● Assigned task: Exclude the pictures, then copy all remaining records exactly.

● Source material:
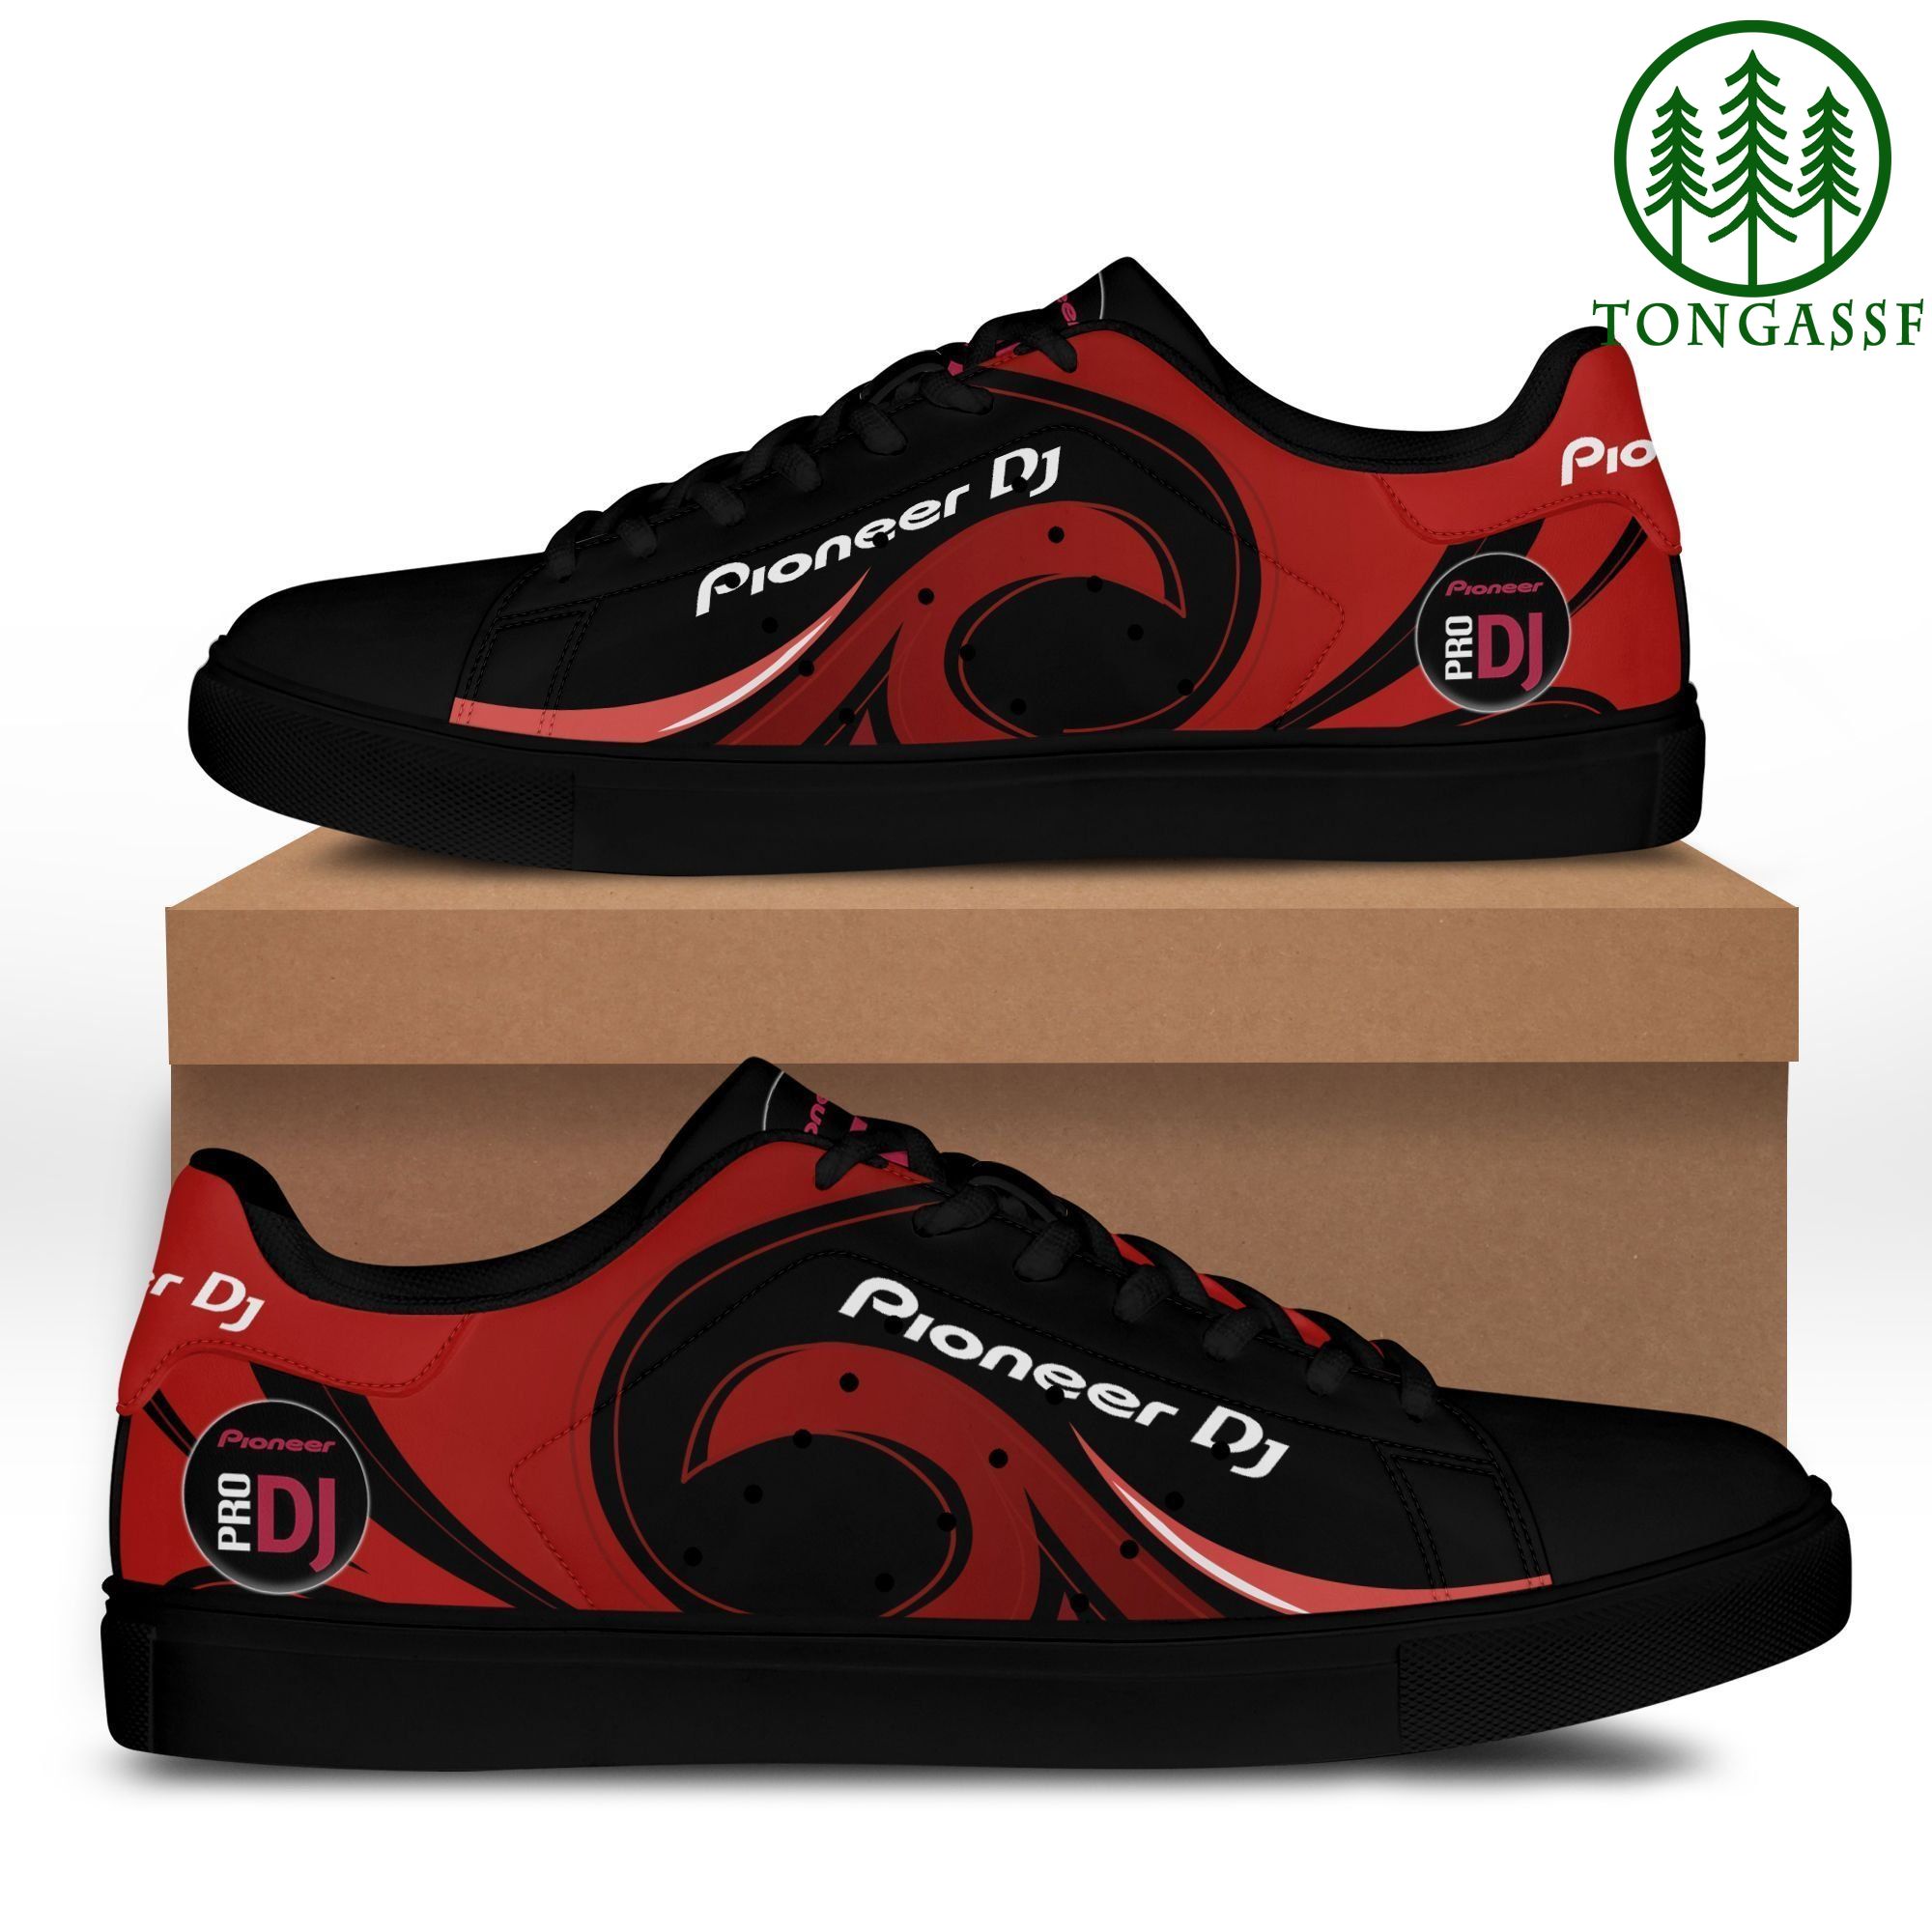 WaGZTlPC 23 Pioneer DJ PRO Black and red version Stan Smith shoes
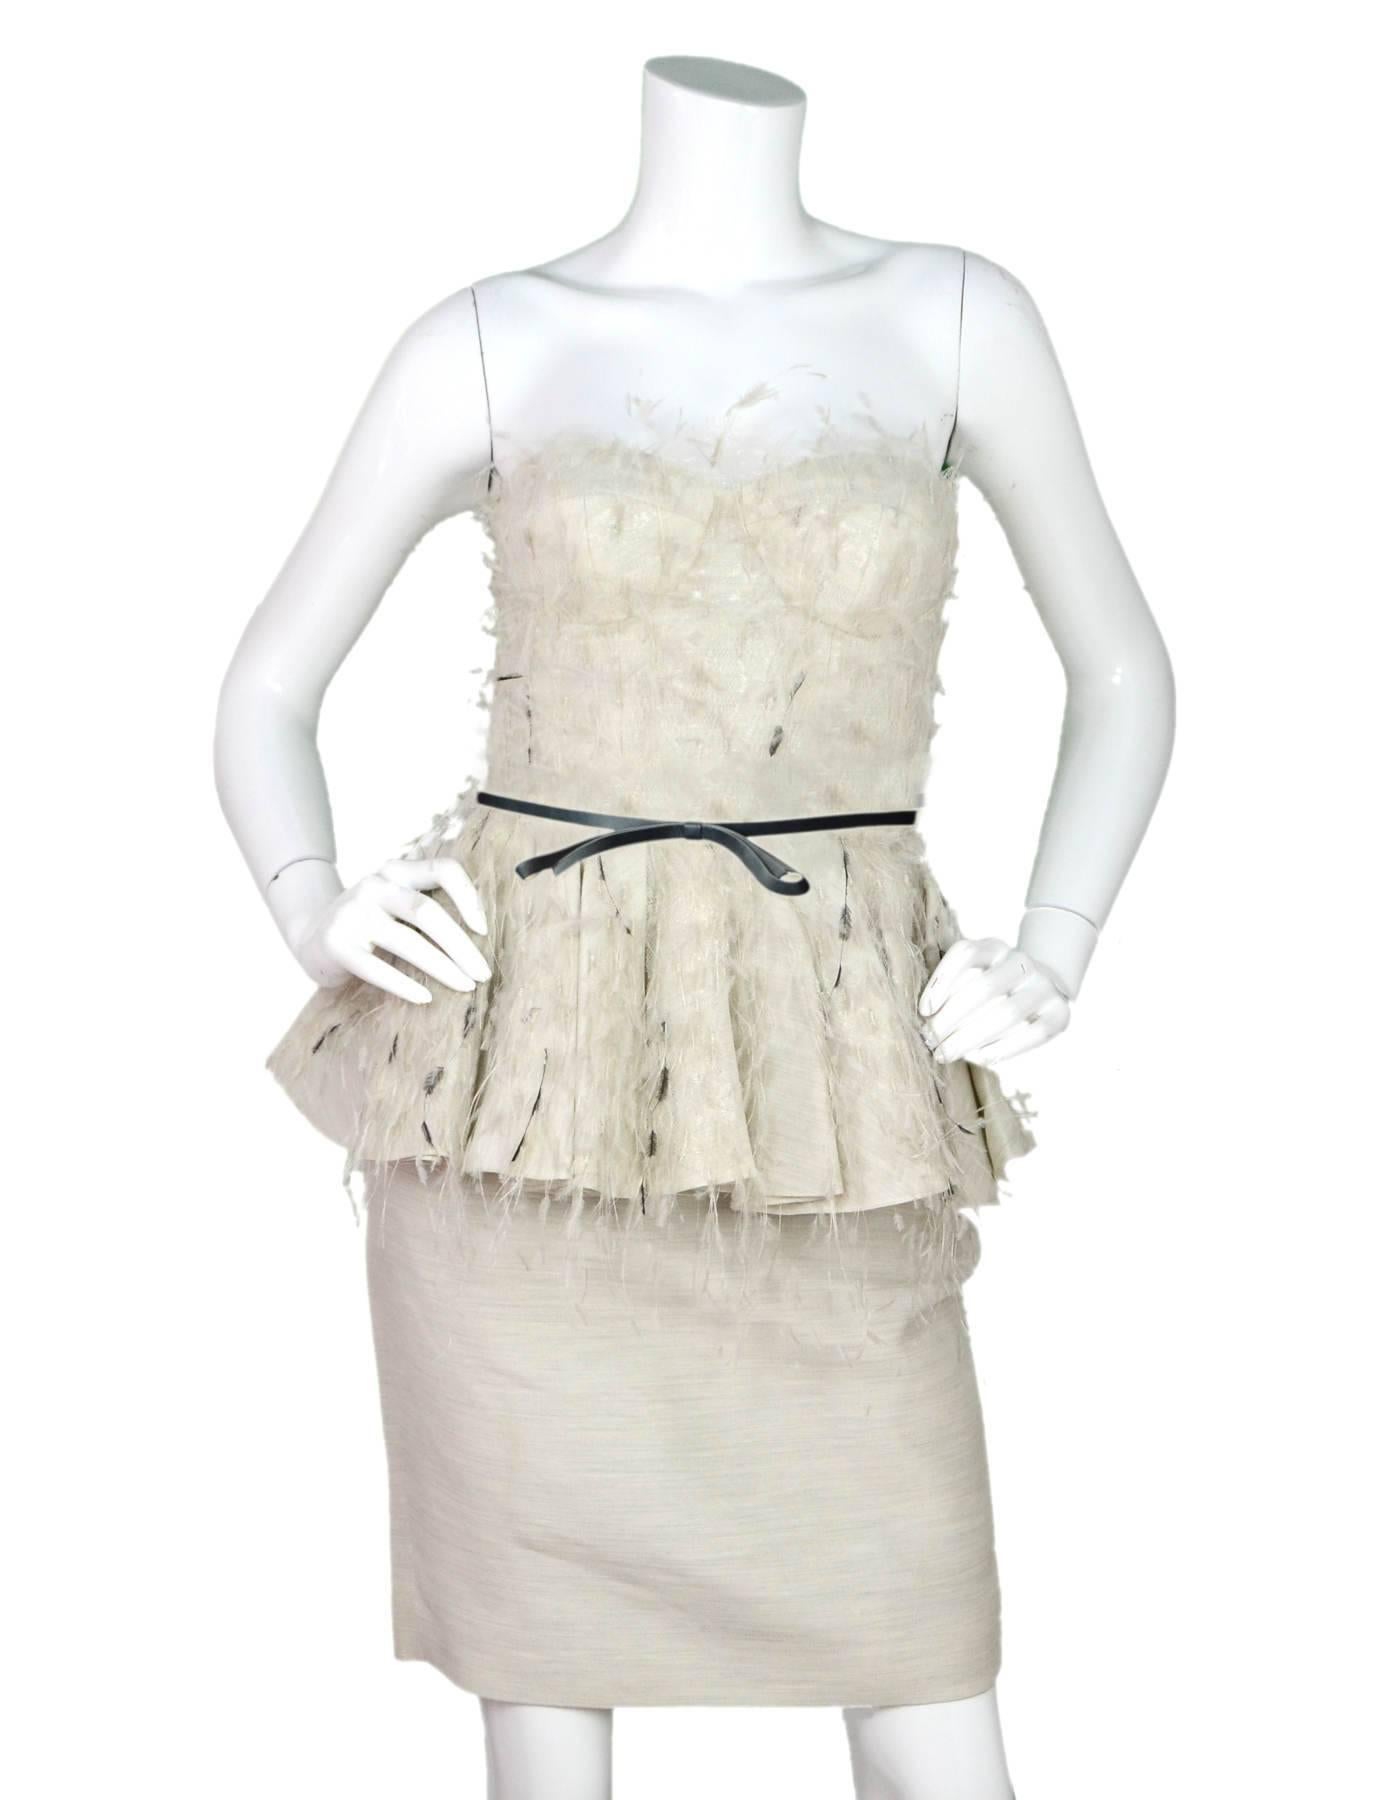 Jason Wu Grey Feather Dress Sz 2

Features lace bust and peplum skirt

Made In: USA
Year Of Production: Spring 2012
Color: Grey
Composition: 73% cotton, 27% silk
Lining: Beige textile
Closure/Opening: Zip closure at back
Overall Condition: Excellent
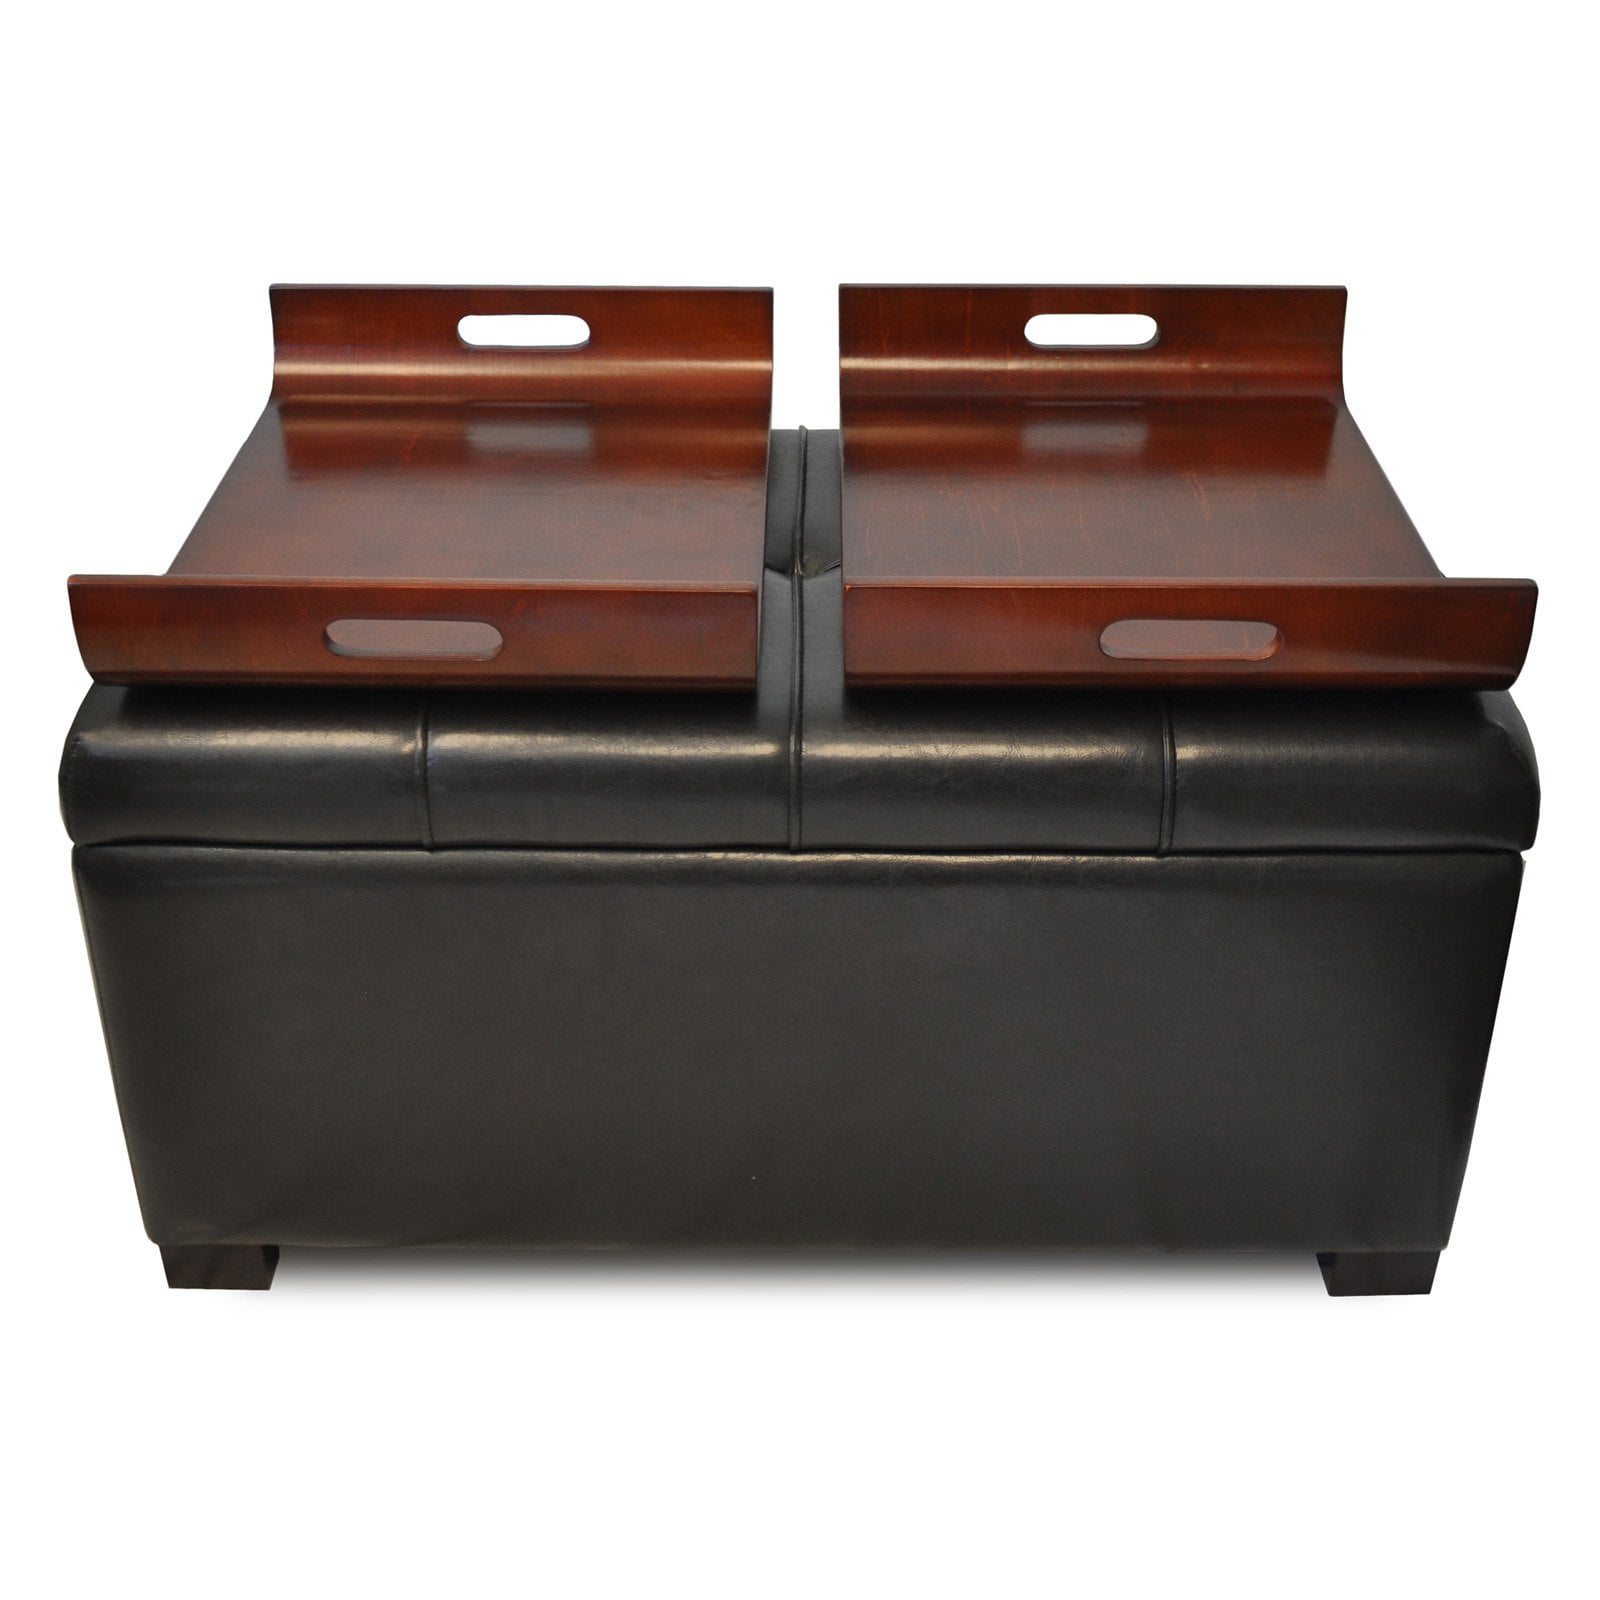 Design4comfort Faux Leather Storage, Brown Leather Cube Storage Ottoman With Tray

● Written reply:
 WaGZTlPC 23 Pioneer DJ PRO Black and red version Stan Smith shoes
 Jason Wu Grey Feather Dress Sz 2

Features lace bust and peplum skirt

Made In: USA
Year Of Production: Spring 2012
Color: Grey
Composition: 73% cotton, 27% silk
Lining: Beige textile
Closure/Opening: Zip closure at back
Overall Condition: Excellent
 Design4comfort Faux Leather Storage, Brown Leather Cube Storage Ottoman With Tray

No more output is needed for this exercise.